TASK TO COMPLETE: The task calls for the lines below from the line with "Soccer Goal Clip Art Clipart Panda" to the line with "Charles T. Phelan", both ends included, copied exactly, without any pictures.

DATA SUPPLIED:
- - - - -

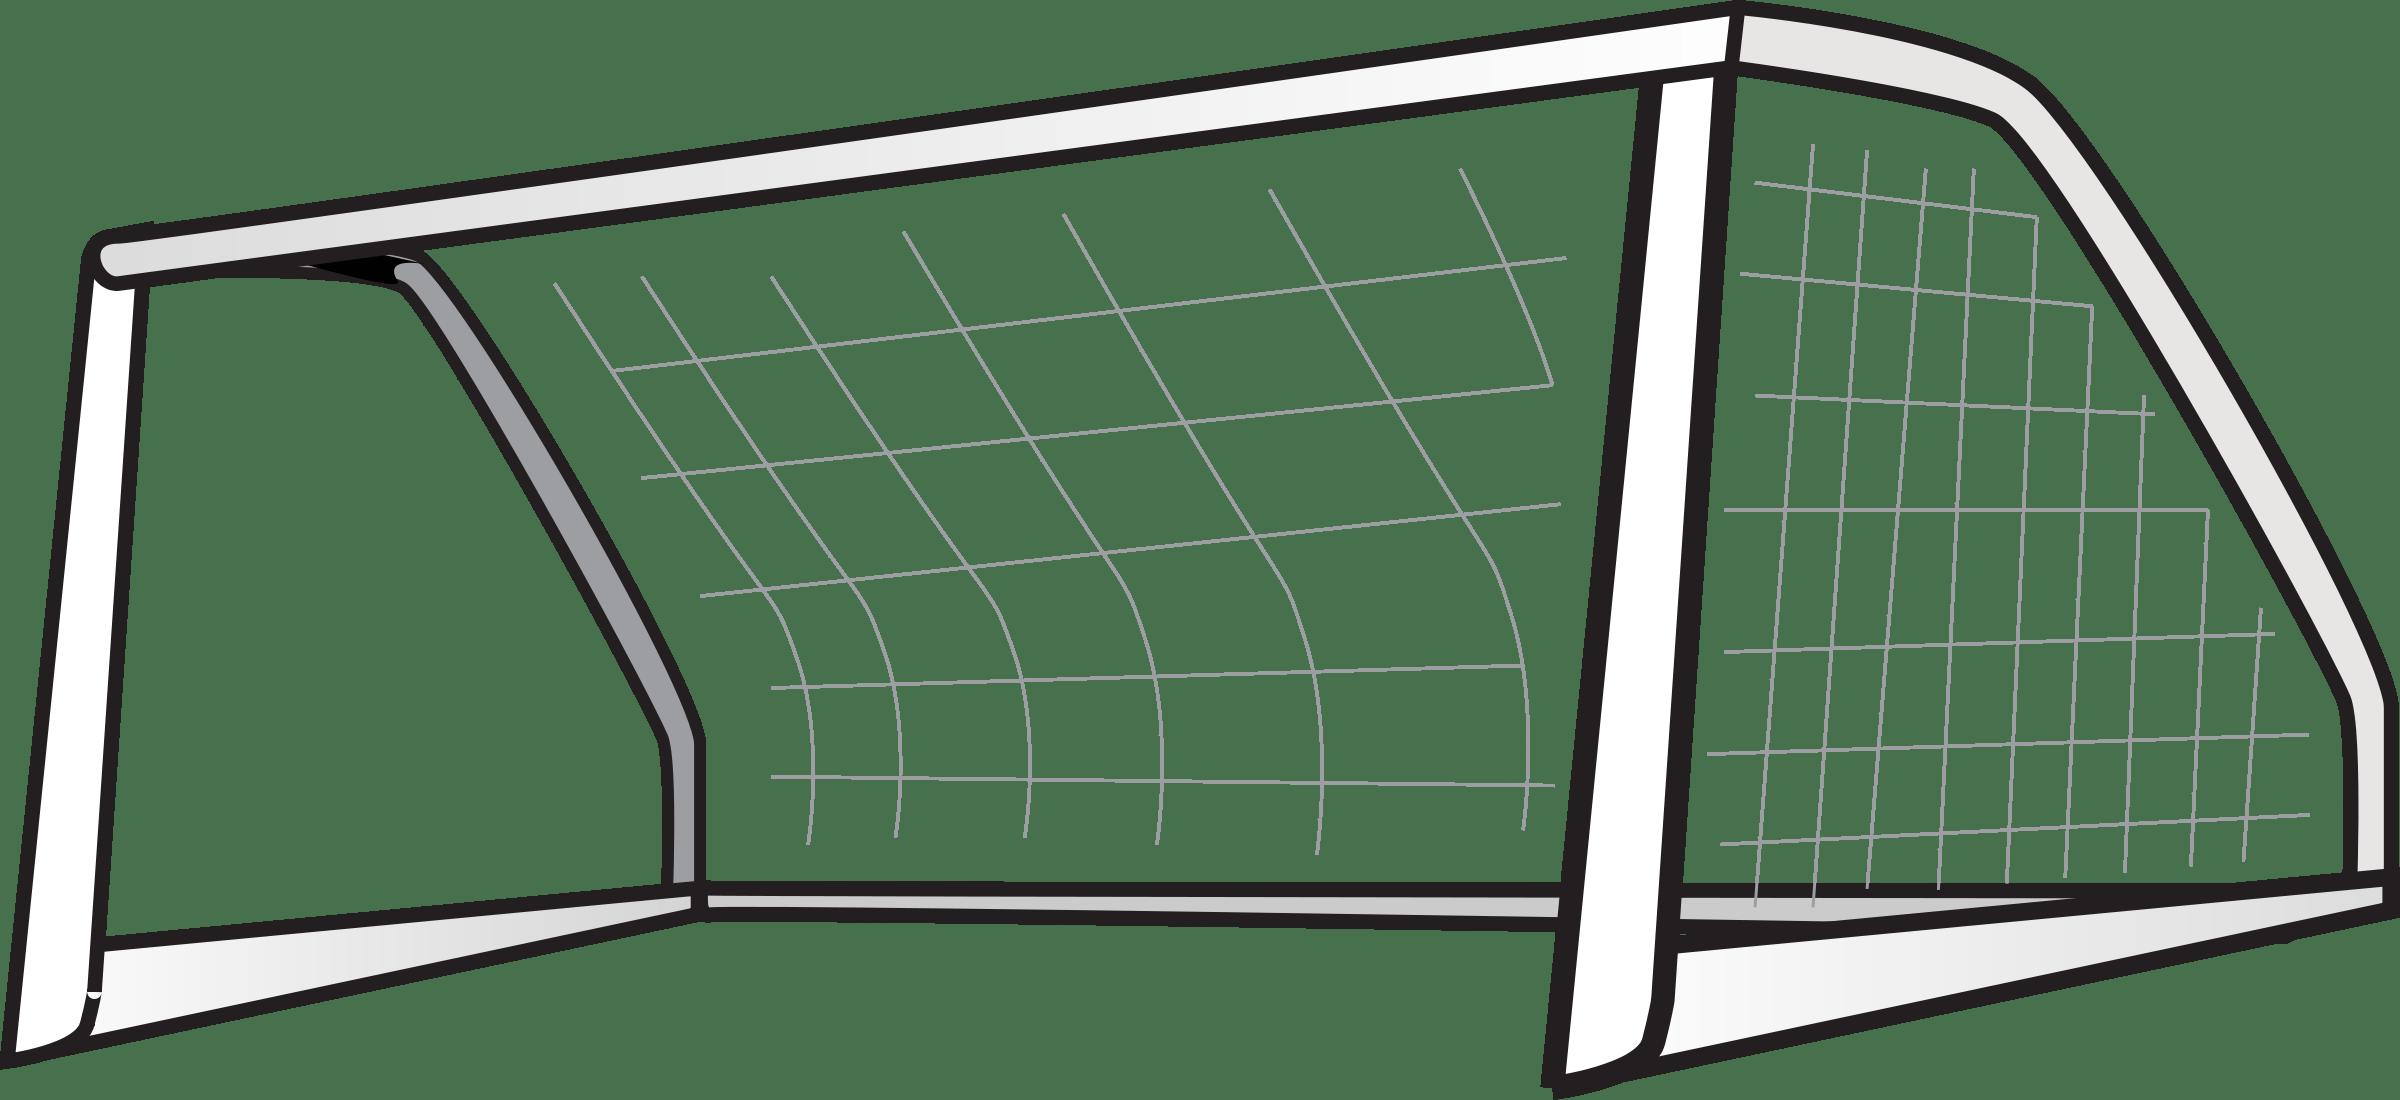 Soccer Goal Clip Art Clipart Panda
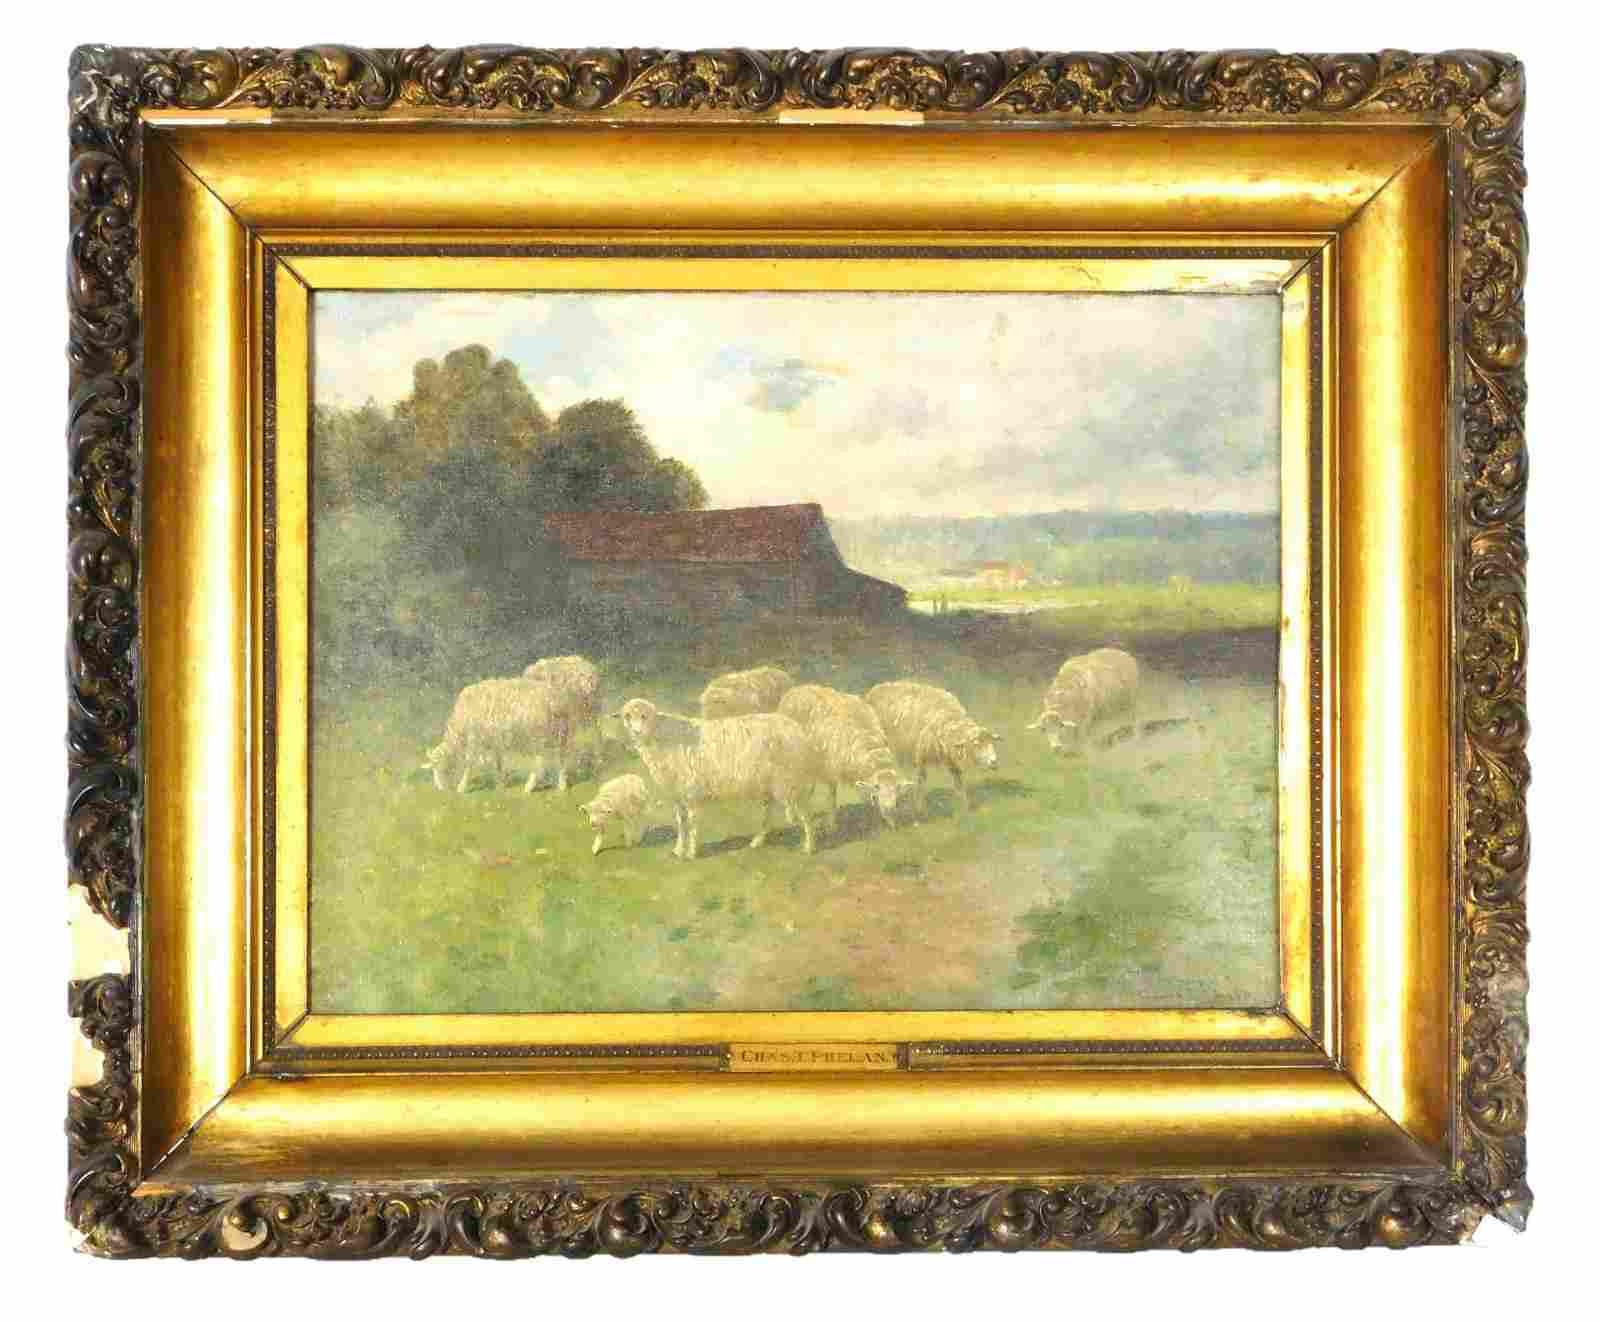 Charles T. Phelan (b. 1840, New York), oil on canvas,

- - - - -

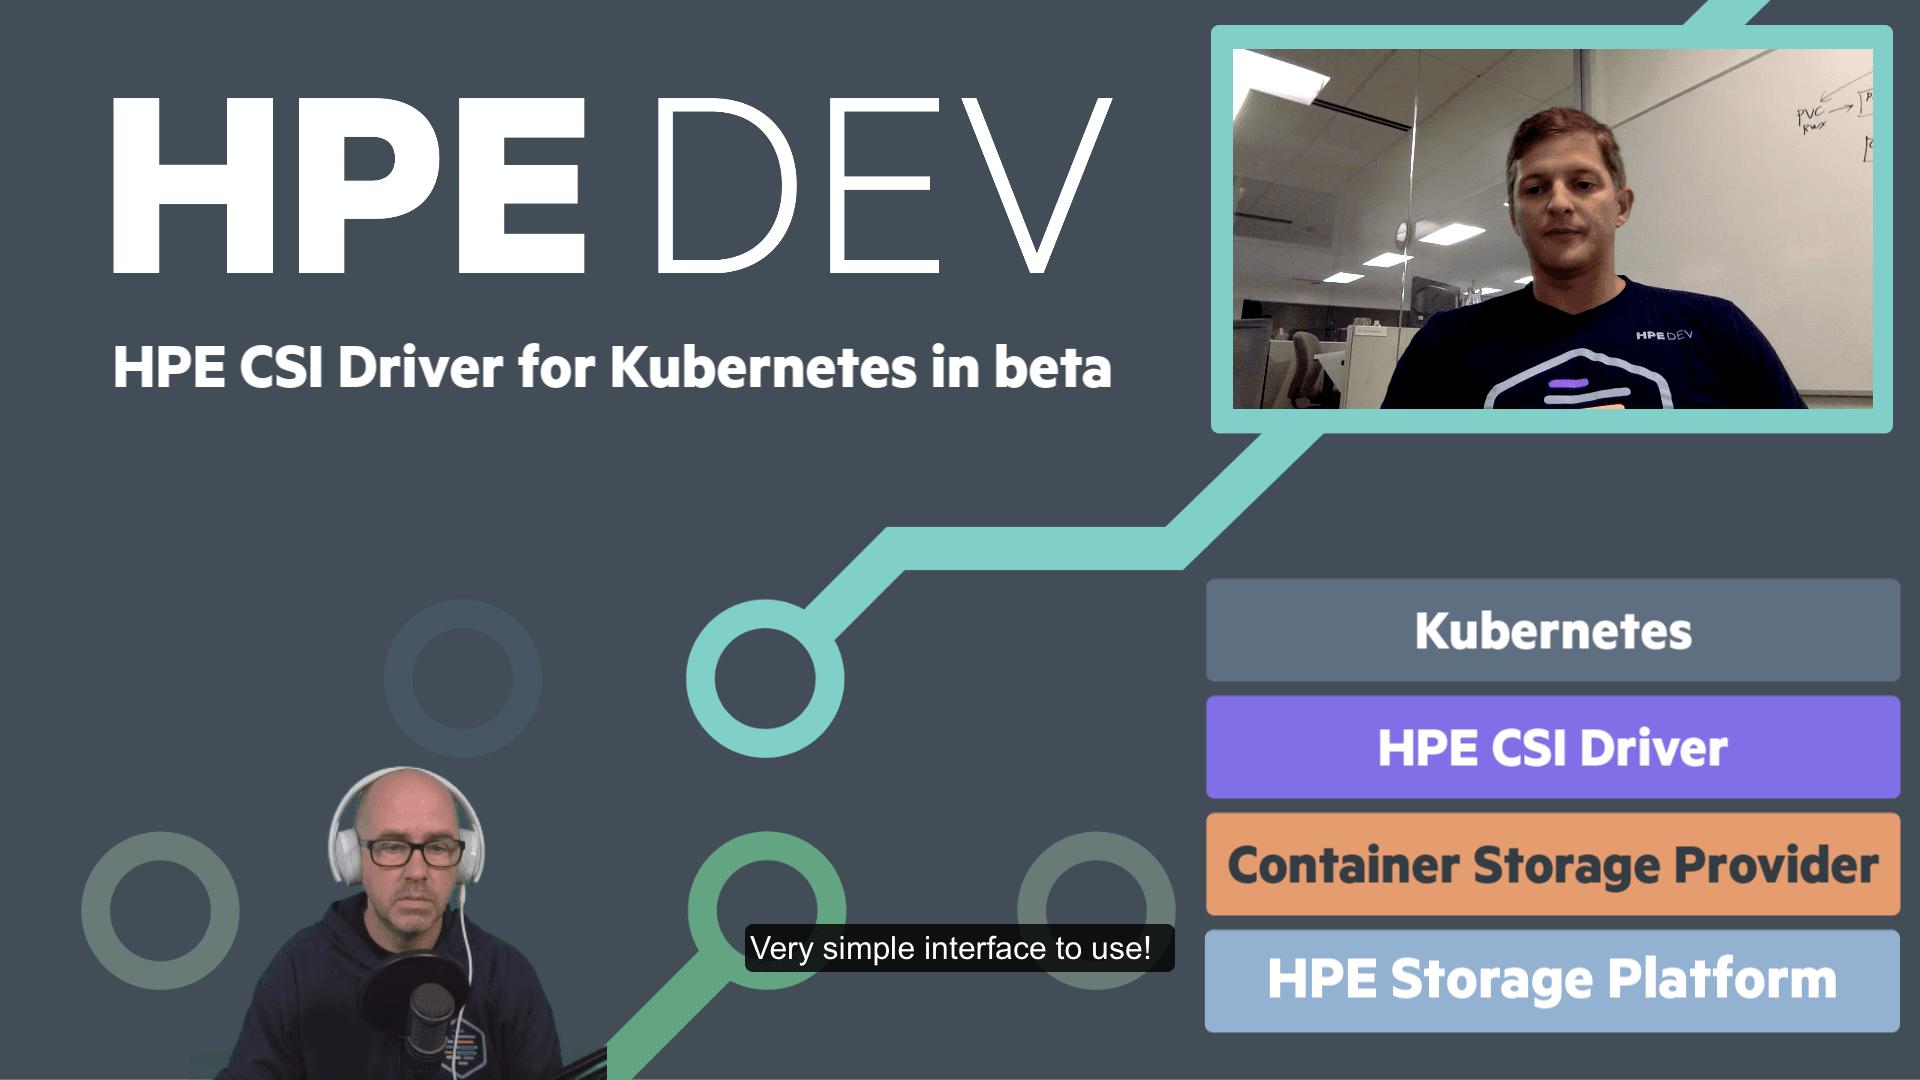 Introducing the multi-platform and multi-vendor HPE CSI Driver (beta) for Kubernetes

- - - - -

YOUR RESPONSE:
 Soccer Goal Clip Art Clipart Panda
 Charles T. Phelan (b. 1840, New York), oil on canvas,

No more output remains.